Mission

How many Americans are poor? How big is the gap in economic well-being between different groups? Do government programs help? What holes in the safety net remain?

Our understanding of these central questions about economic well-being in the United States is based on error ridden data. Government surveys, used for official poverty and income statistics, suffer from a large and growing amount of misreporting of income. Some researchers have turned to administrative data due to the widely recognized problems with surveys. But administrative data sources on their own do not capture the full set of resources available to individuals, and they do not contain the rich demographic information available in surveys that enables focus on vulnerable groups.

The unfortunate consequence is that our understanding of economic well-being in the United States is biased and incomplete. As a result, policymakers are forced to address poverty and economic disparities in the dark.

Our mission is to build the most accurate dataset on economic well-being ever created for the United States.

We are building the Comprehensive Income Dataset (CID, pronounced the same as “kid”) to address the inaccuracies in our basic understanding of economic well-being in the United States. The CID is based on the fundamental insight that no single data source on its own can provide a full or accurate measure of economic well-being. But when multiple data sources are linked together, the strengths of each data source can be harnessed while overcoming their individual limitations. We link together several national household surveys, an extensive set of tax records, and numerous federal and state administrative program data on government benefits. We conduct rigorous research and apply cutting edge statistical techniques to combine these data sources in a way that maximizes the accuracy of our comprehensive income measures.

For additional information, see Building the CID

We are using the Comprehensive Income Dataset to produce a highly accurate understanding of deprivation and economic disparities in the United States.

The CID is transforming our understanding of the most important questions about economic well-being in the United States. The CID enables us to estimate accurate measures of poverty, deep poverty and extreme poverty in a given year and over multiple decades. We can also estimate income disparities between different groups and the extent of income inequality in the United States. And because our goal is to provide the most complete possible understanding of economic well-being for the entire U.S. population, we are developing new methods and linking novel additional data sources that allow us to understand populations under-covered or not covered at all by major household surveys—including people experiencing homelessness.

We are creating a new evidence base that will inform the next generation of policies that seek to improve the well-being of the most disadvantaged members of society.

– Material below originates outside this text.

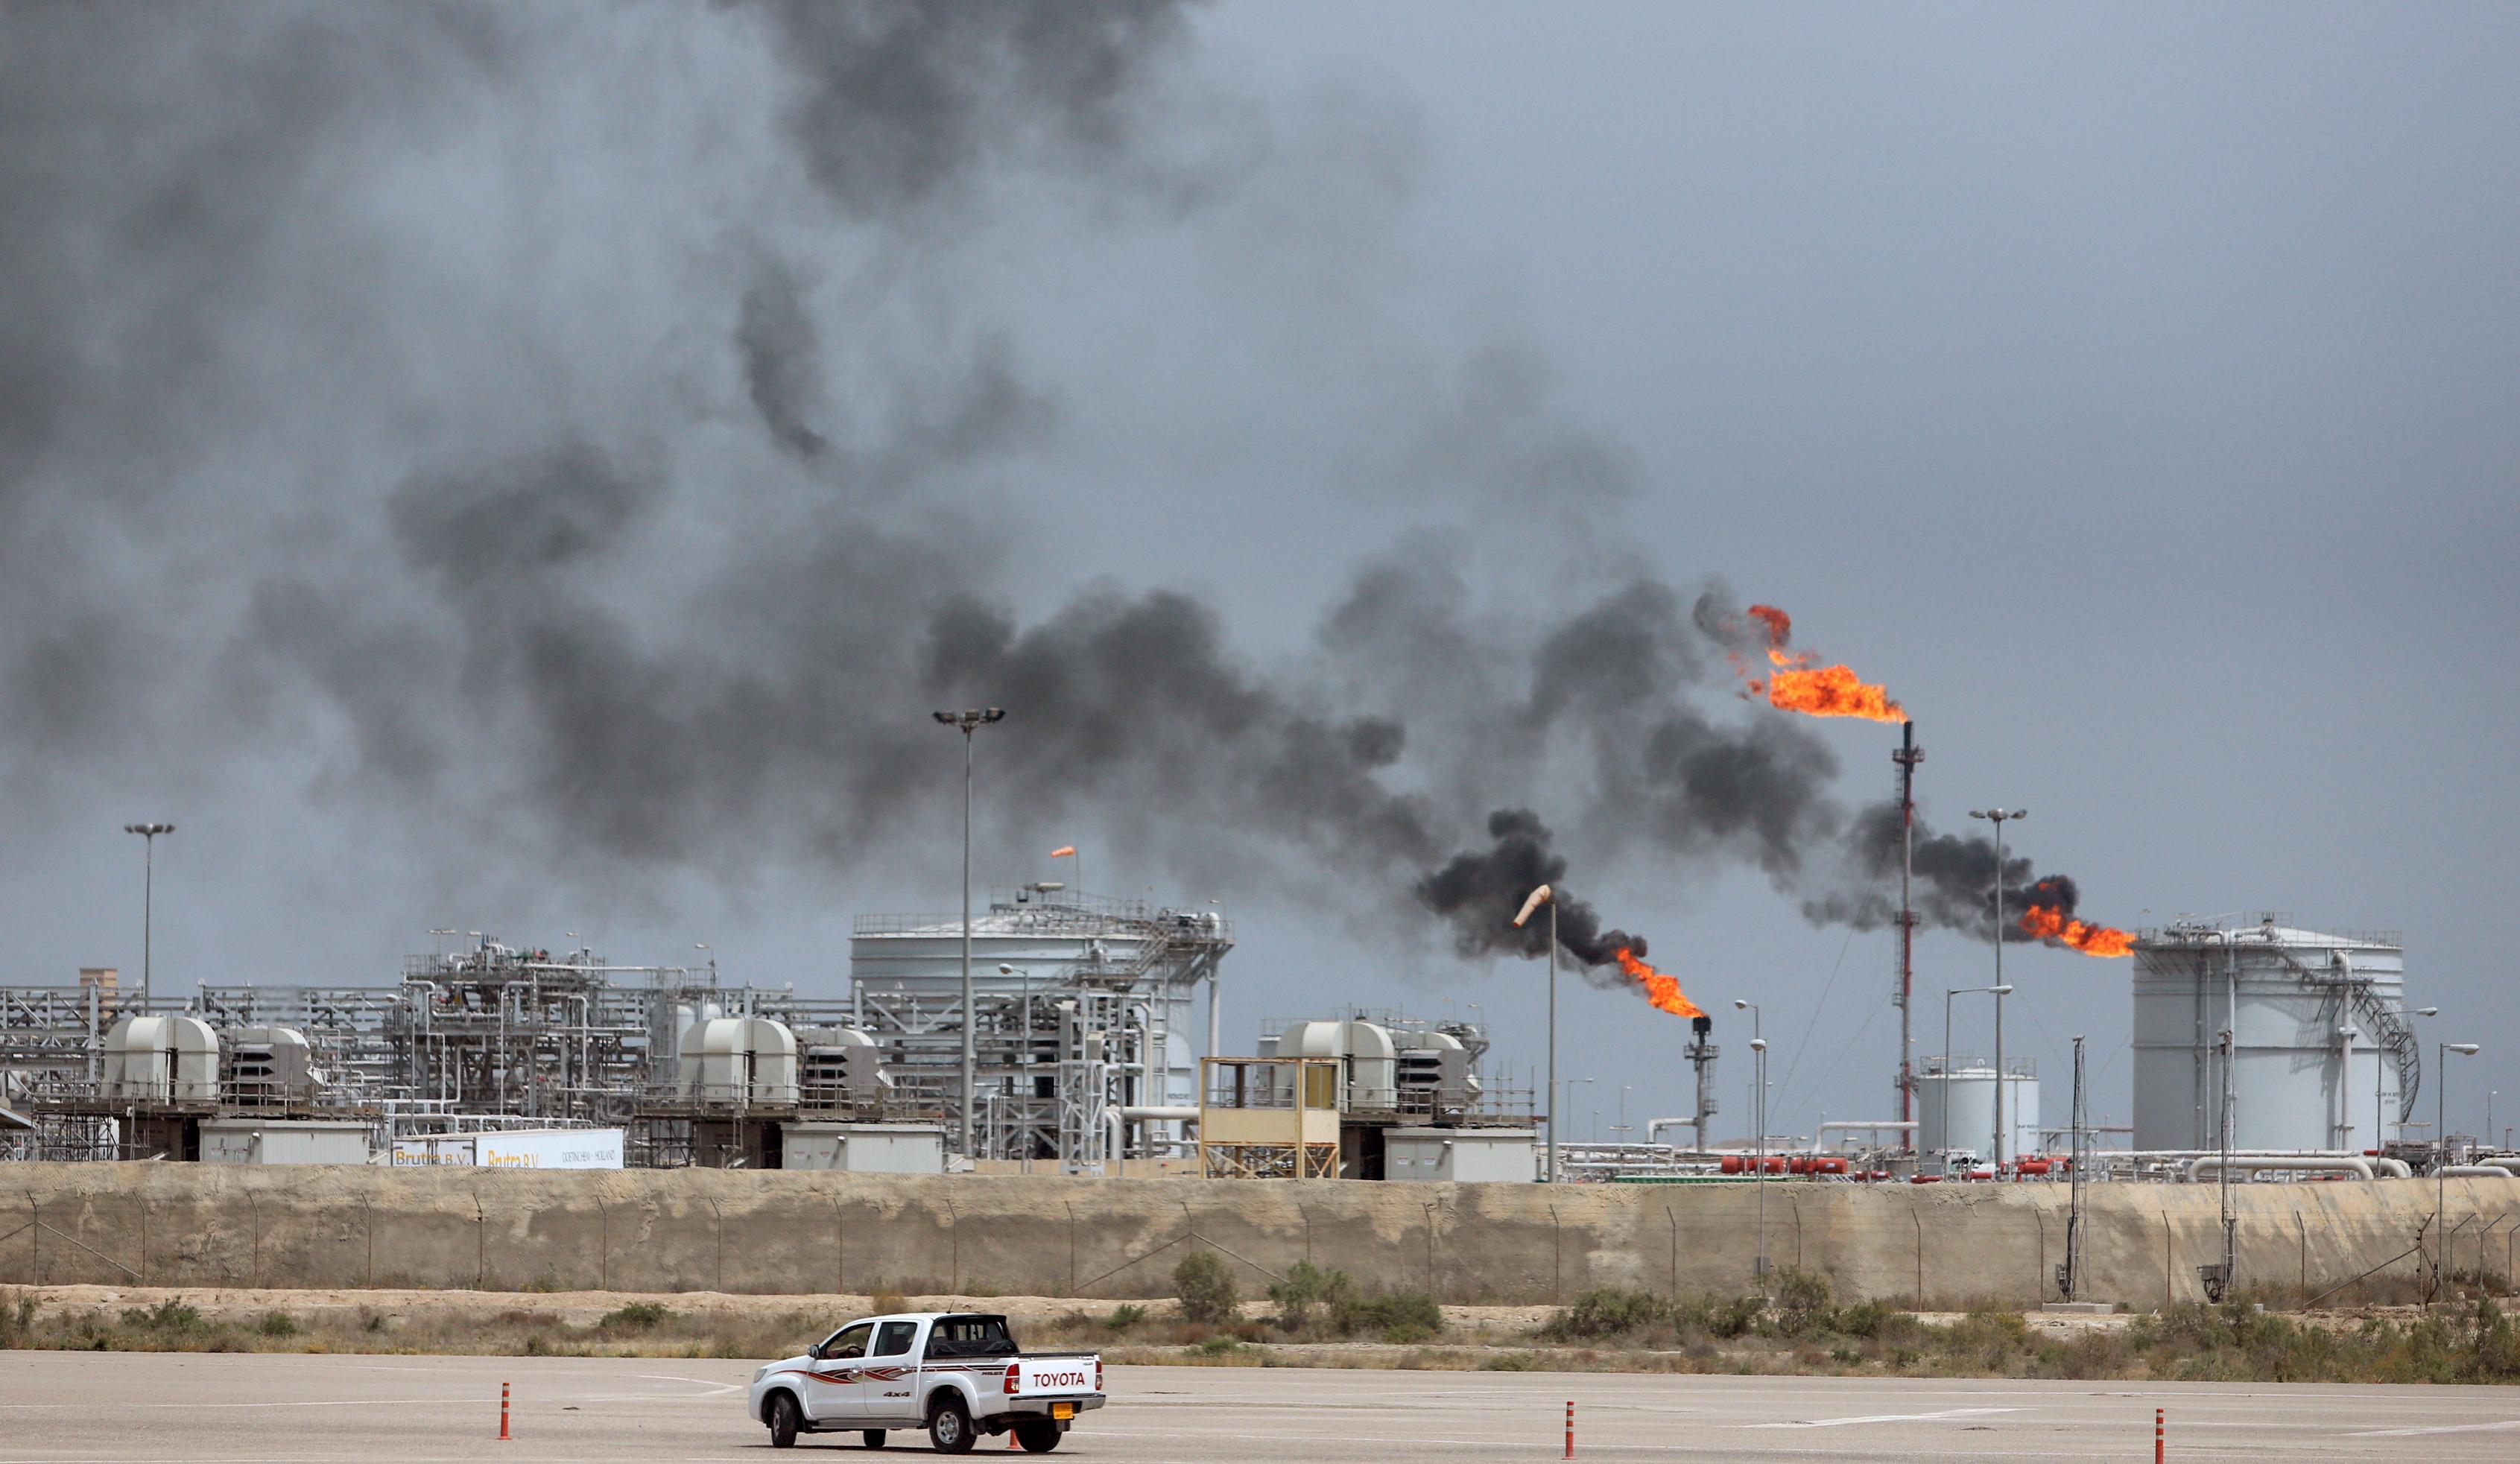 FIILE PHOTO: A view shows the Iraq's Majnoon oilfield near Basra, Iraq, March 31, 2021.  REUTERS/Essam Al-Sudani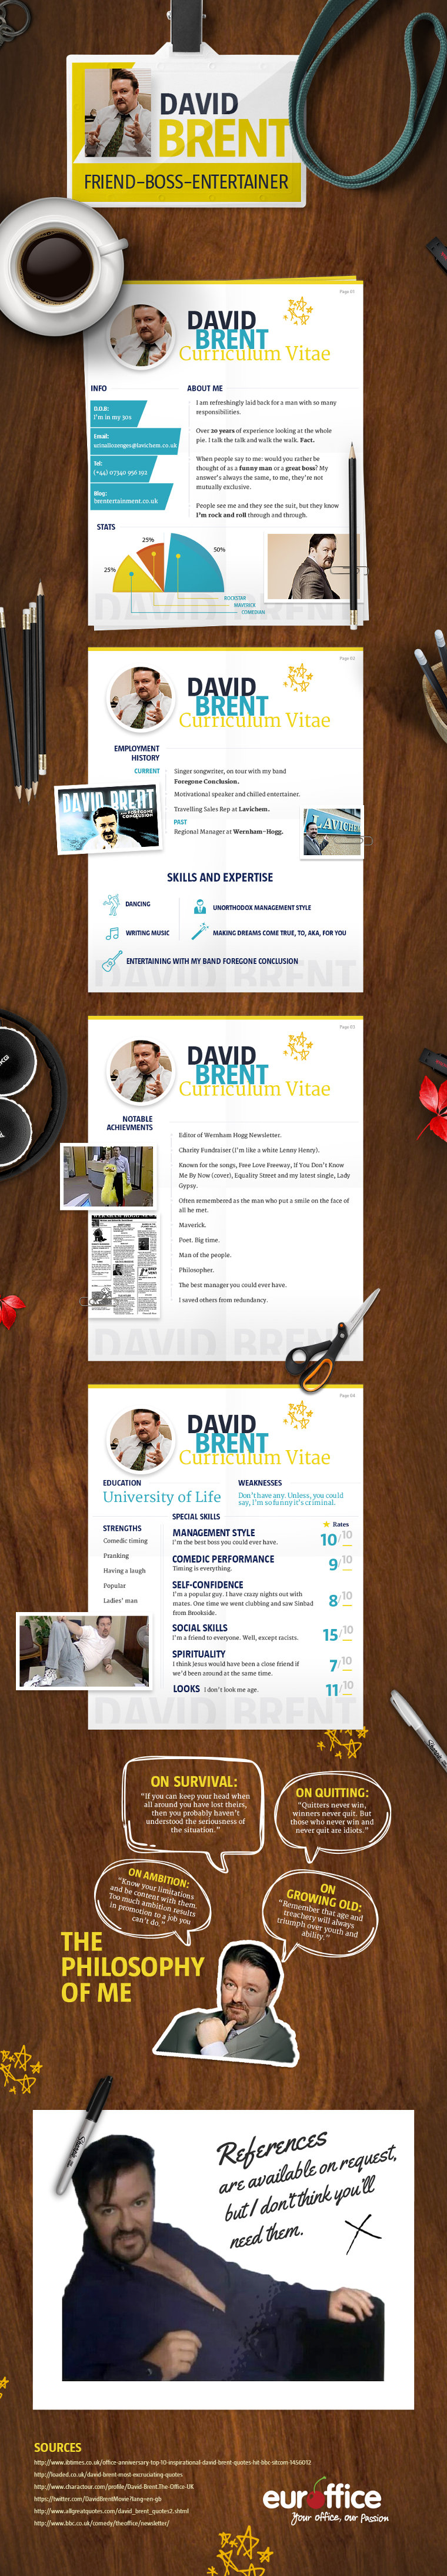 David Brent CV - infographic

Policymakers require an accurate and complete understanding of the economic well-being of the U.S. population in order to target assistance to the most needy and address disparities. The CID allows us to accurately assess how existing programs are addressing deprivation and where holes remain.  It will also allow the examination of the effects of changes in government policies as well as simulations of potential new policies. This transformative evidence base will enable policymakers to make highly informed decisions about some of the most pressing public policy questions today.

The Comprehensive Income Dataset will become the preeminent tool for other researchers seeking to understand economic well-being in the United States.

The CID will ultimately be made available to a broader community of researchers, enabling them to study the impact of policies on accurately measured economic well-being in the United States. It will also inform efforts by the Census Bureau and other government agencies to improve official income and poverty statistics. We will facilitate this goal by making public the “blueprints” for the CID. Careful documentation and rigorous empirical evidence form the basis of our decisions for how to combine the data source. Making this research public will allow other researchers to understand why the CID was constructed in the way it was and also allow them to make different decisions in their own research.